[Exercise details]:
Repeat every line from the line containing "Rote Flagge beim" to the end of the data, exactly. Leave the pictures out.

[Data provided]:
.....
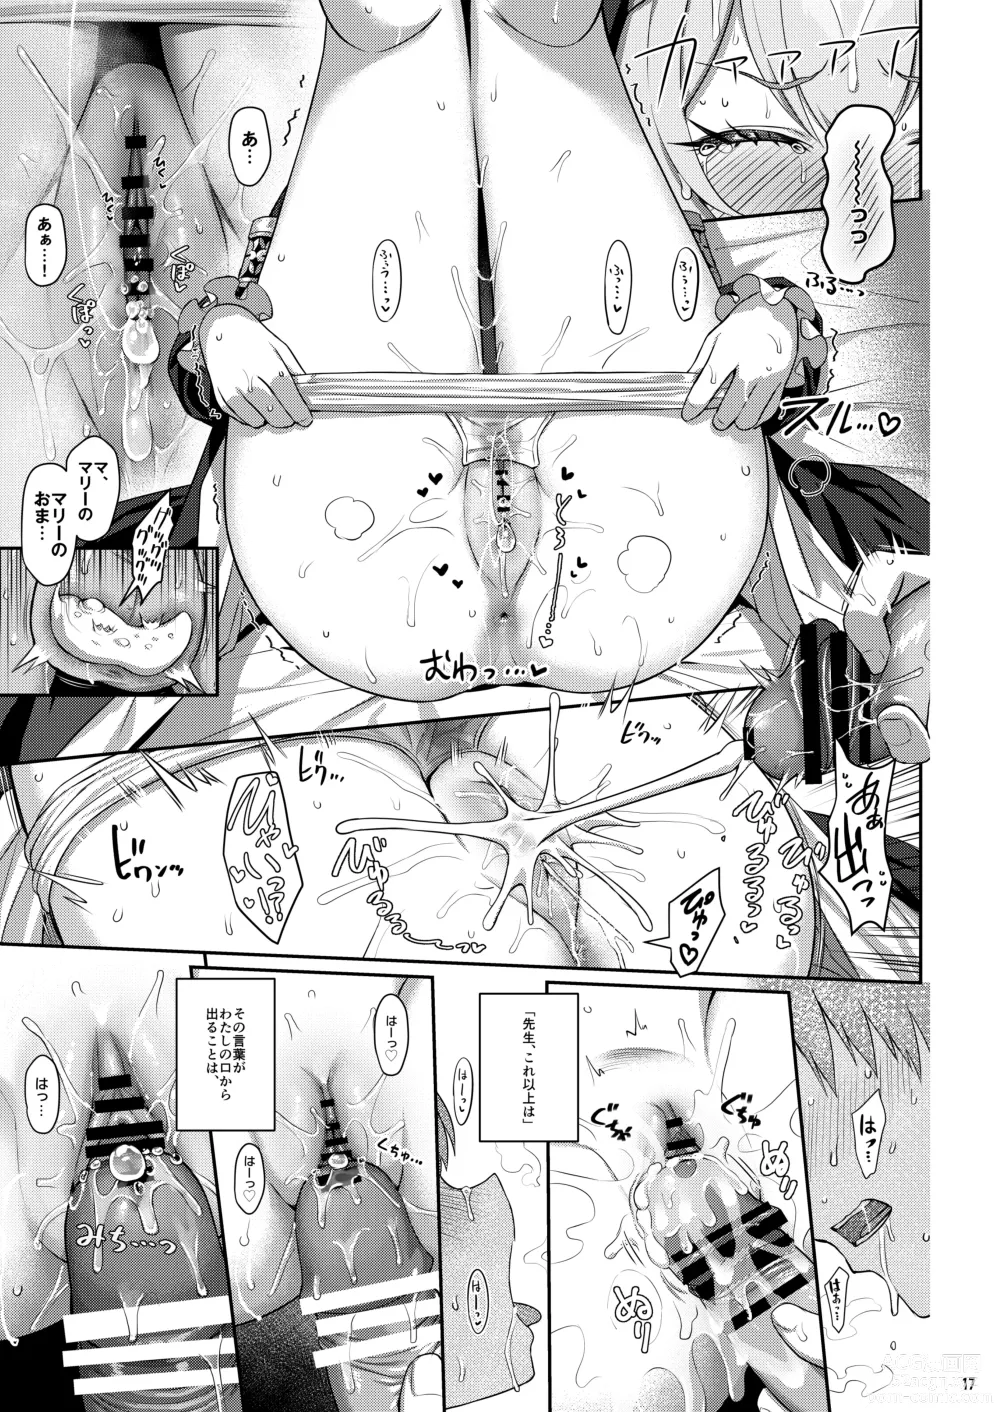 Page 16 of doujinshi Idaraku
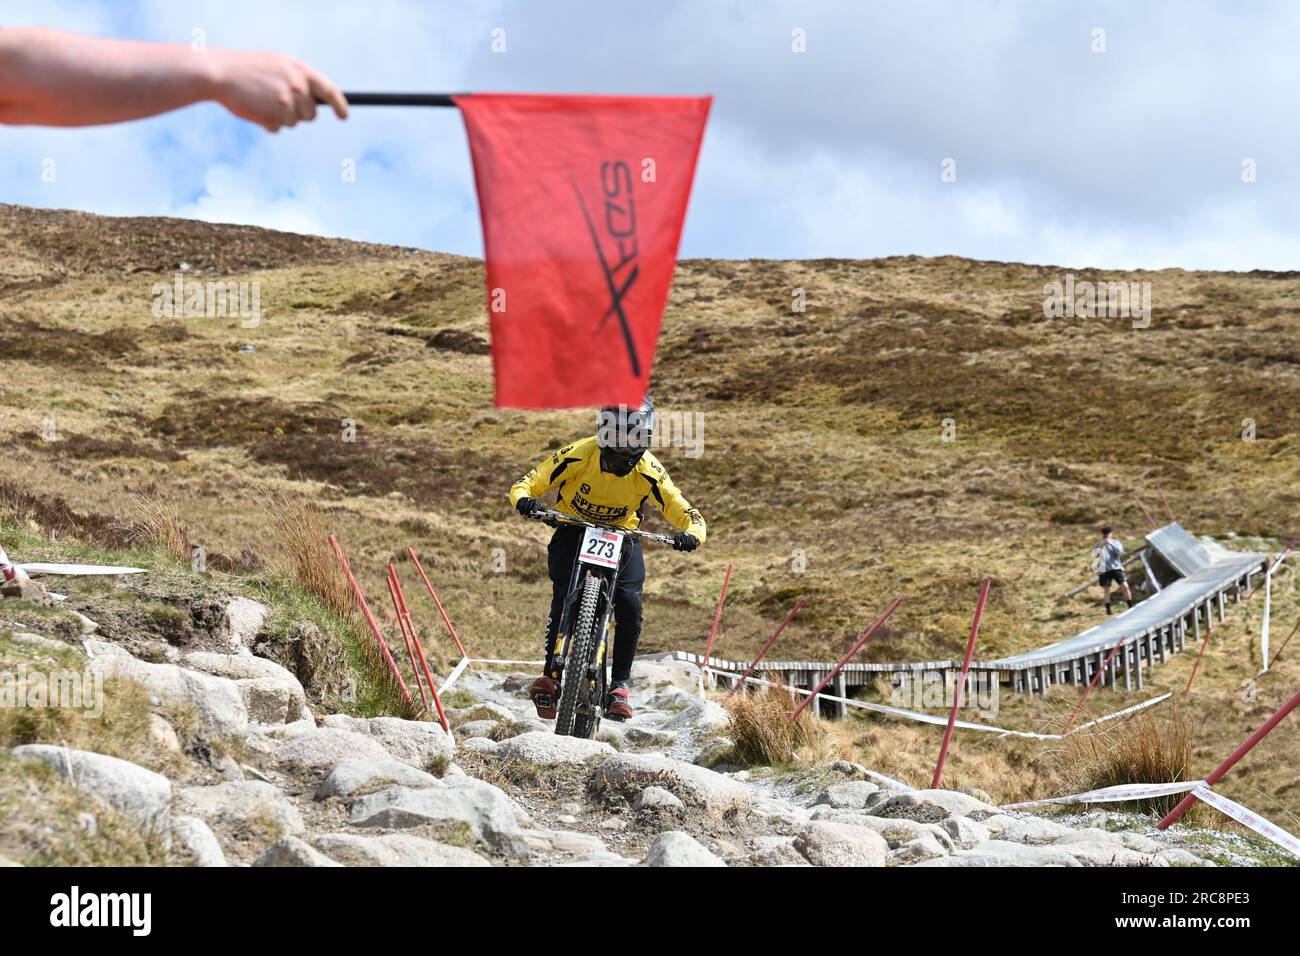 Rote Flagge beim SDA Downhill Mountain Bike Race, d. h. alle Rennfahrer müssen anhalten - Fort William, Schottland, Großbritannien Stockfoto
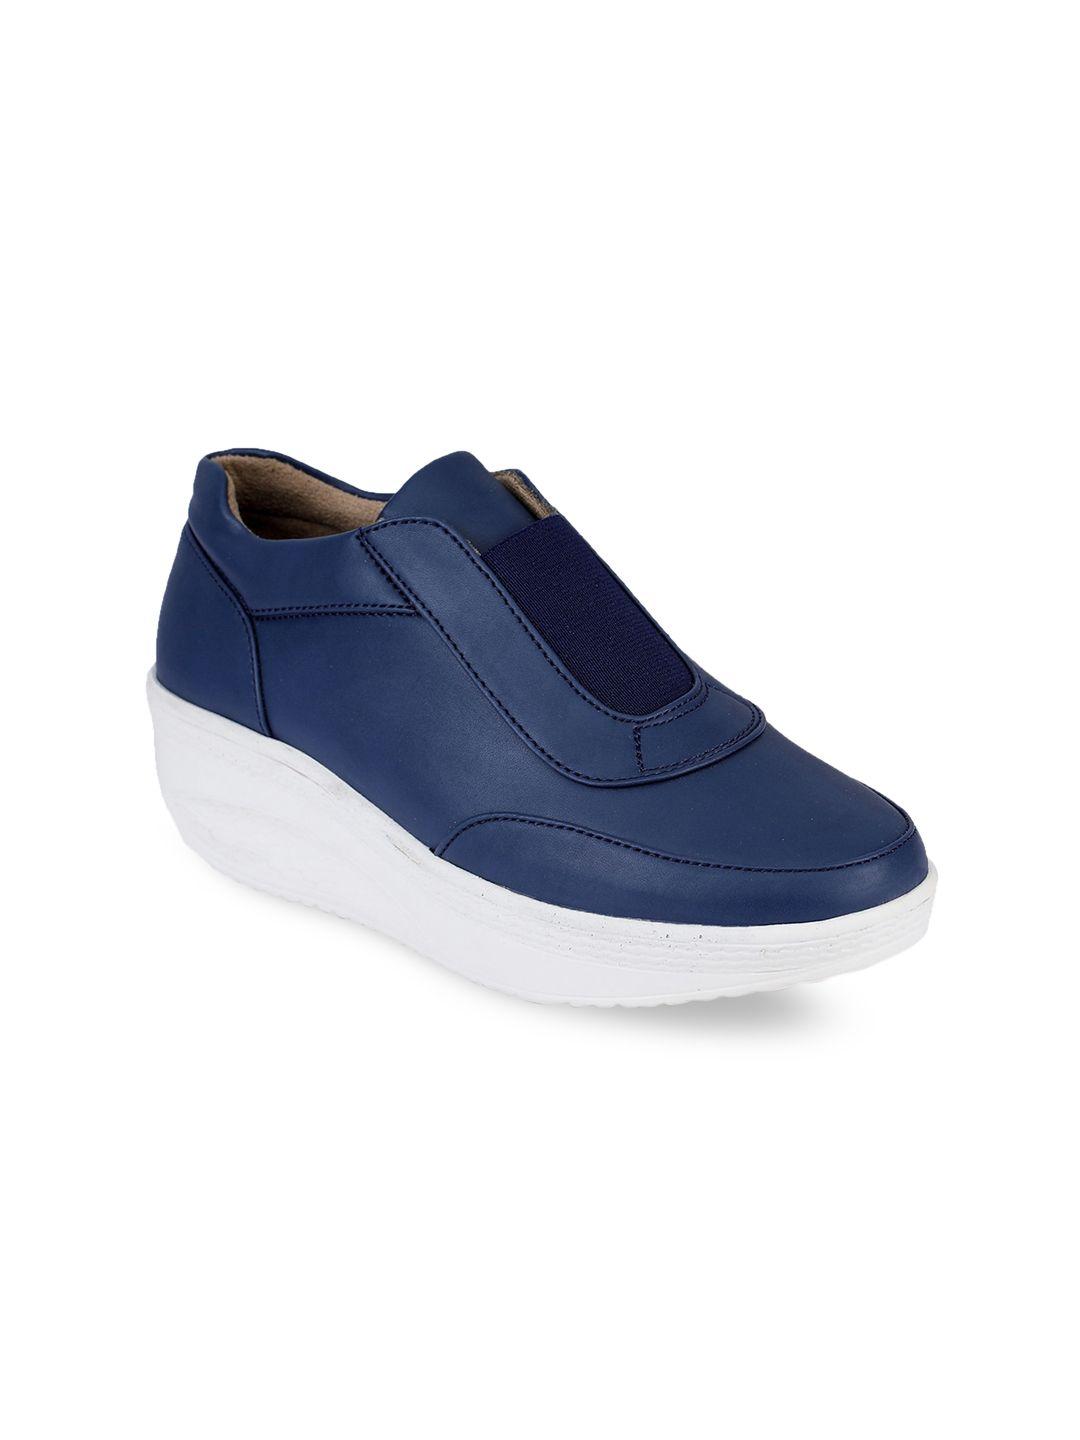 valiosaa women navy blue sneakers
.....
[Solved exercise]:
 Rote Flagge beim SDA Downhill Mountain Bike Race, d. h. alle Rennfahrer müssen anhalten - Fort William, Schottland, Großbritannien Stockfoto
 valiosaa women navy blue sneakers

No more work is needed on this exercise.